Sadly, it was botched. I found Sabelo wandering around the University of the Free State campus, a gibbering wreck during the registration of ANC delegates on Saturday: instead of going for his raisins, it seems the state doctors removed his nut. Lobotomies are not fun.

I must diarise dropping by policy discussions on healthcare to raise this with the comrades – if I can find the time. These smooth Forces for Change tsotsis make out that us delegates from KwaZulu-Natal are just a herd of voting cattle here to drink, eat and vote, but we've been working hard practising our songs too.

It's been a six-hour day singing-training schedule since the policy conference in June and I've already learnt one whole new song. Now that is commitment to the national democratic revolution. National conferences are not unlike maskandi concerts, anyway: lots of jiving and preaching and – despite the absence of umqombothi – enough liquor to make even the president's third wife, the swollen one who looks like she's constantly having an allergic reaction to seafood, look a little fetchier.

And u-JZ is a damn fine choirmaster – which is why I'm backing him for a second term. Was there a dry eye in the house when he broke into song remembering Madiba at the start of the national conference on Sunday? "Nelson Mandela told his supporters that this journey is very long and he told them that they will meet on Freedom Day." Sniff. That voice. How the delegates cheered. A few more songs and a shorter speech would have gone down well, though. I must propose that the party releases an album every month – music feeds the hungry much more than bread ever will.

On a different note,  I'm tired of these smooth-as-Blue-Label Forces of Change tsotsis suggesting that people like Moroka and I are intellectual zombies and that there is a paucity of ideas and rationality in the ANC. So Trevor Manuel has declined nomination to the NEC, as has Jeremy Cronin – who needs them, mah Com'? Cronin is no match for the likes of Moroka – the comrade's poems are too short, and he seems to think there are problems with our national democratic revolution.

I mean, who writes this sort of intellectual fluff, like his 1999 poem, The Trouble With Revolutionism

We were seized with revolution
We almost entirely forgot reform… 
Of family, workplace, bureaucracy, police force …
Having abolished the bosses, 
We became the bosses.

(In the name of the workers, of course)

The Prez is doing a great job of transforming our national intelligence and police – and I got my new identity book in a month. uJZ said at his opening address that this is one of the major gains during his administration. 

Hayi! Give me Big Nuz over Cronin any day. Now that is urban poetry for the new generation – these so called "intellectuals" are out of touch. 

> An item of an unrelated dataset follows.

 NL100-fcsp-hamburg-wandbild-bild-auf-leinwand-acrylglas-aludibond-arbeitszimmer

Cyril Ramaphosa and Patrice Motsepe are the sort of bosses we want in the mining sector, m'chana. I mean, Motsepe looks after his workers. That R25-million handshake to get rid of Johan Neeskens as Mamelodi Sundowns coach must surely be the new standard for the miners at African Rainbow Minerals?

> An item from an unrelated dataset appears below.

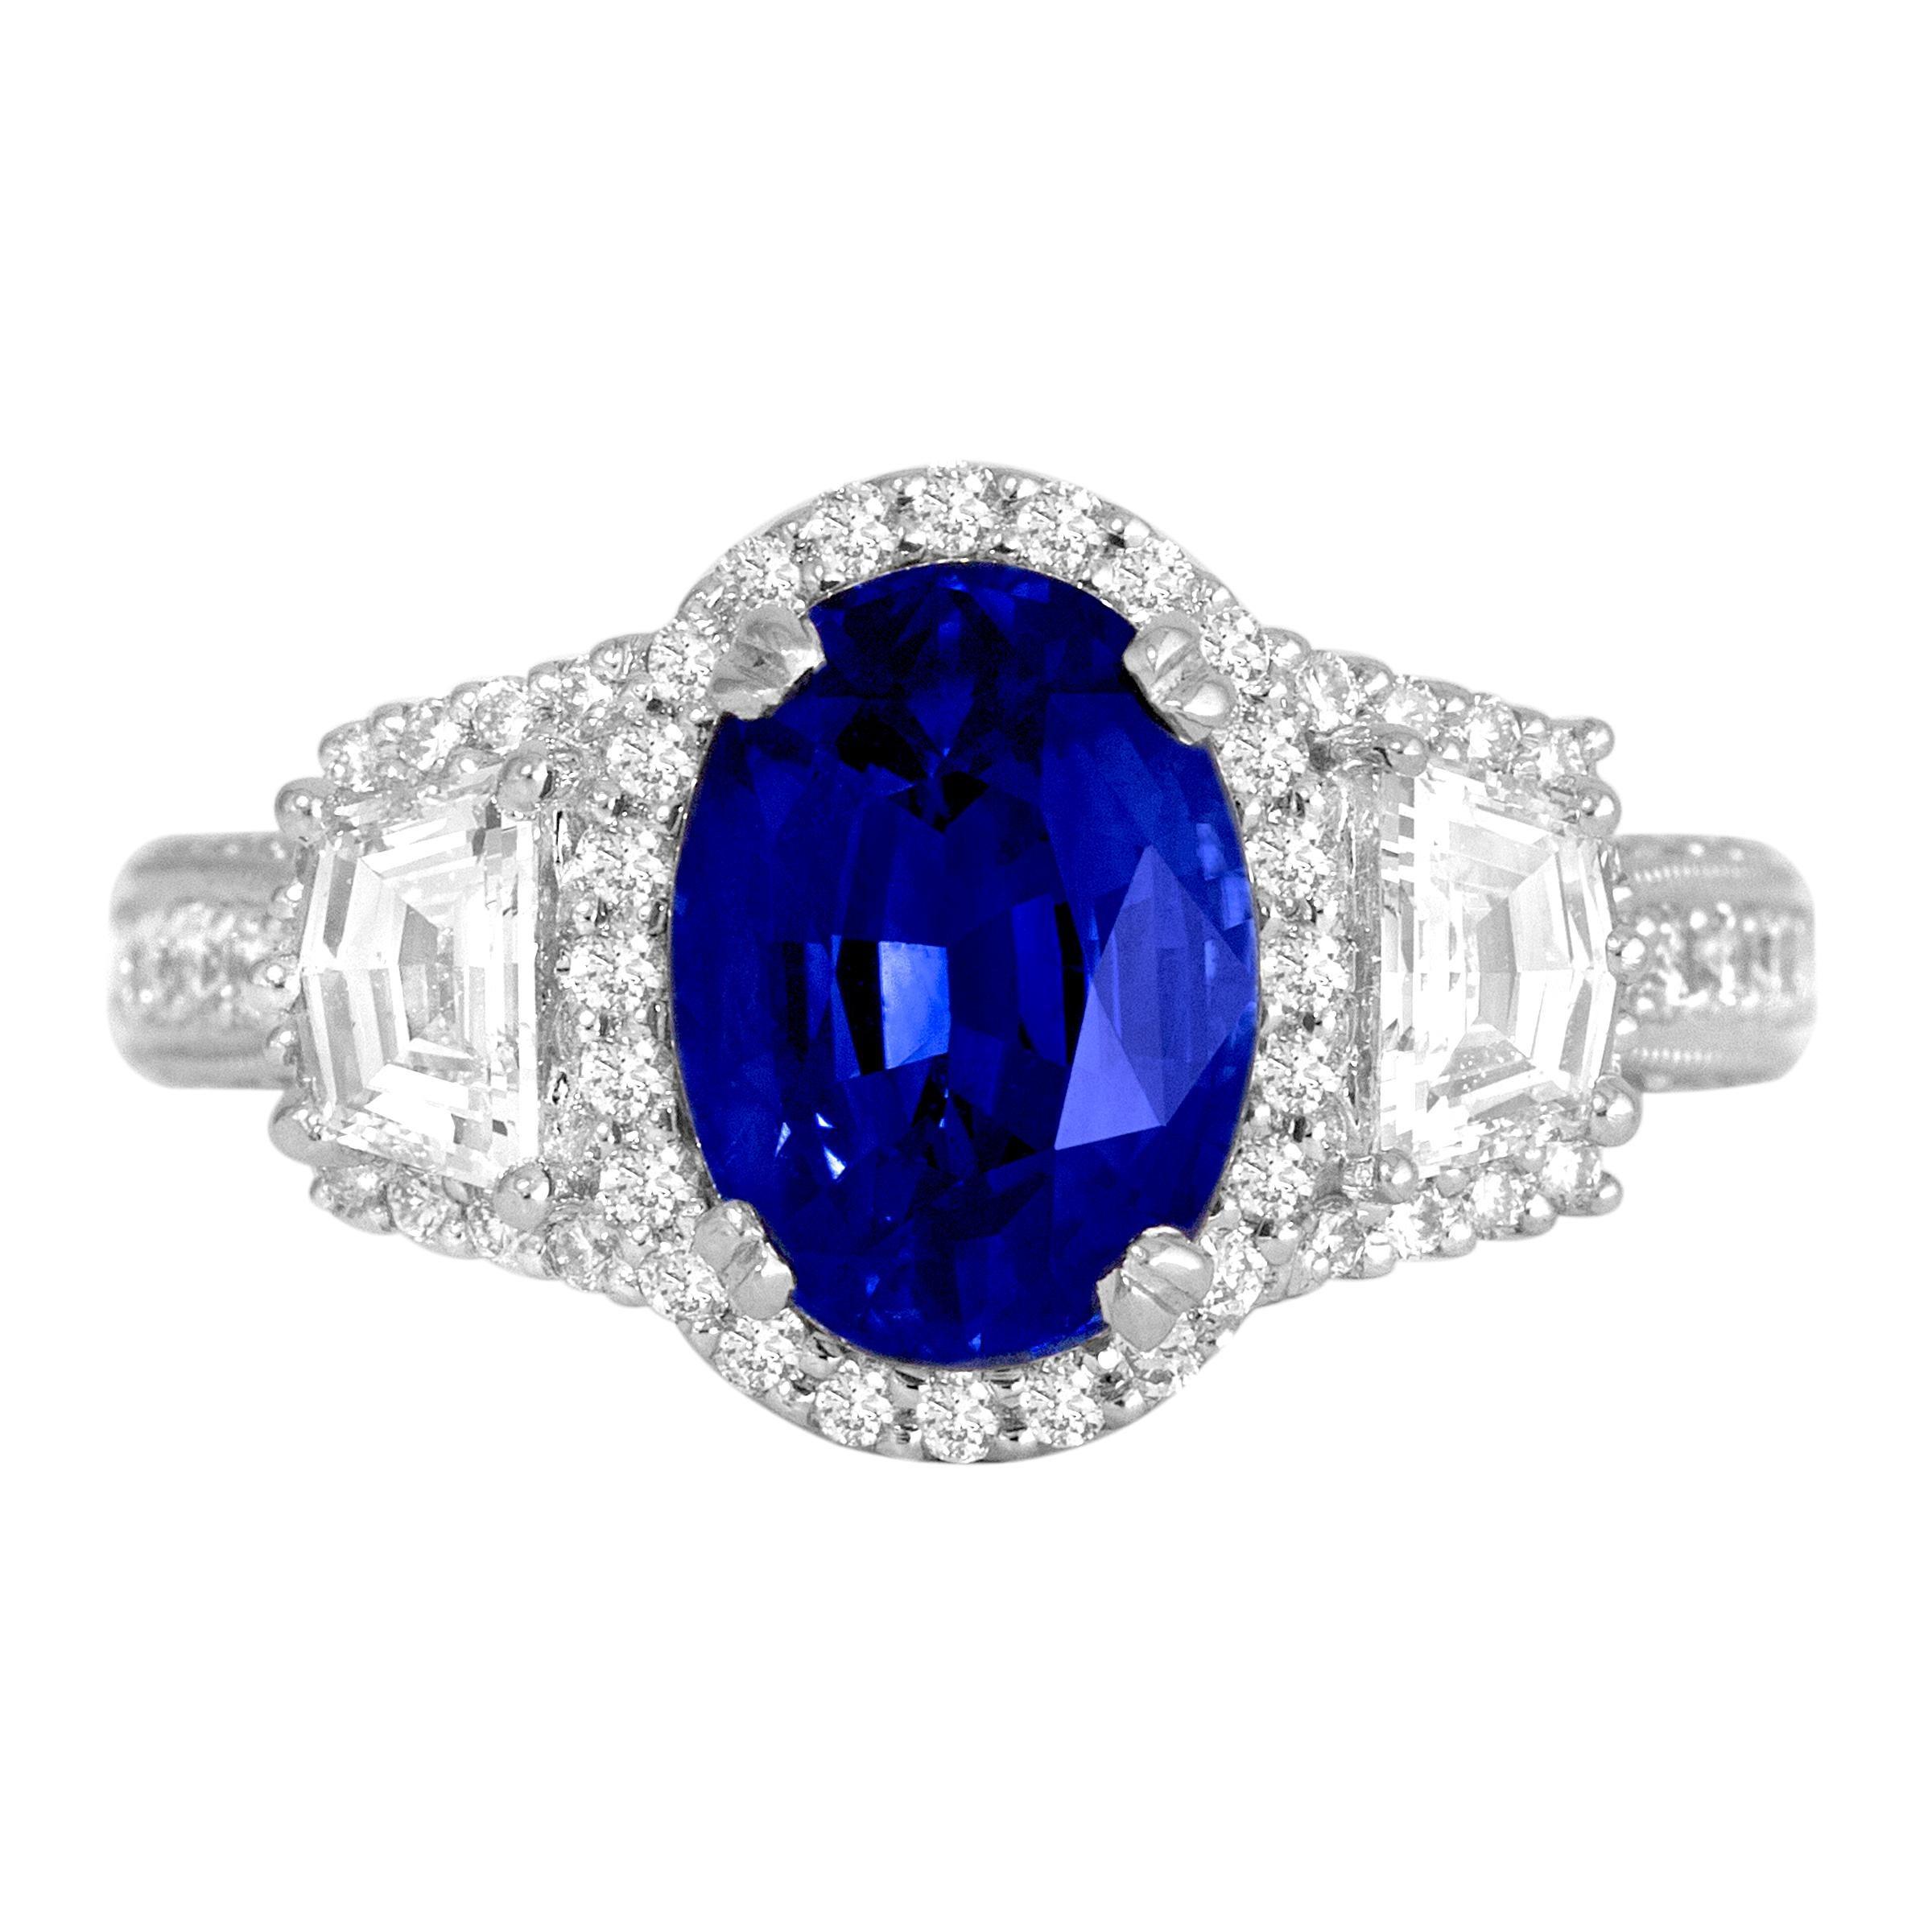 DiamondTown 2.97 Carat Oval Cut Ceylon Sapphire and Diamond Ring

A comrade from the Western Cape was telling me on the way to the conference opening that uJZ knows the poor. "Zuma is a man of the people who knows what is happening on the ground – these intellectuals like Manuel do not, that is why they can't respond to the economic needs of the people, so it's not that big a loss if he is not on the NEC."

Sharp analysis, m'chana. Which is why I'm glad the government is allegedly spending all of that R240-million on Zuma's Nkandla kraal – the president needs to be in air-conditioned comfort when he deals with the problems of the rural poor.

And anyway as JZ said, we've grown membership from 400 000 in the 1990s to around 1.2-million today.

These comrades know that ANC membership means poverty alleviation through positions in government, jobs and tenders. Now how is that stupid, stupid?

Nkosi Luthuli is a Maskandi artist from KwaZulu-Natal, a branch delegate and the Mail & Guardian's undercover diarist at the conference.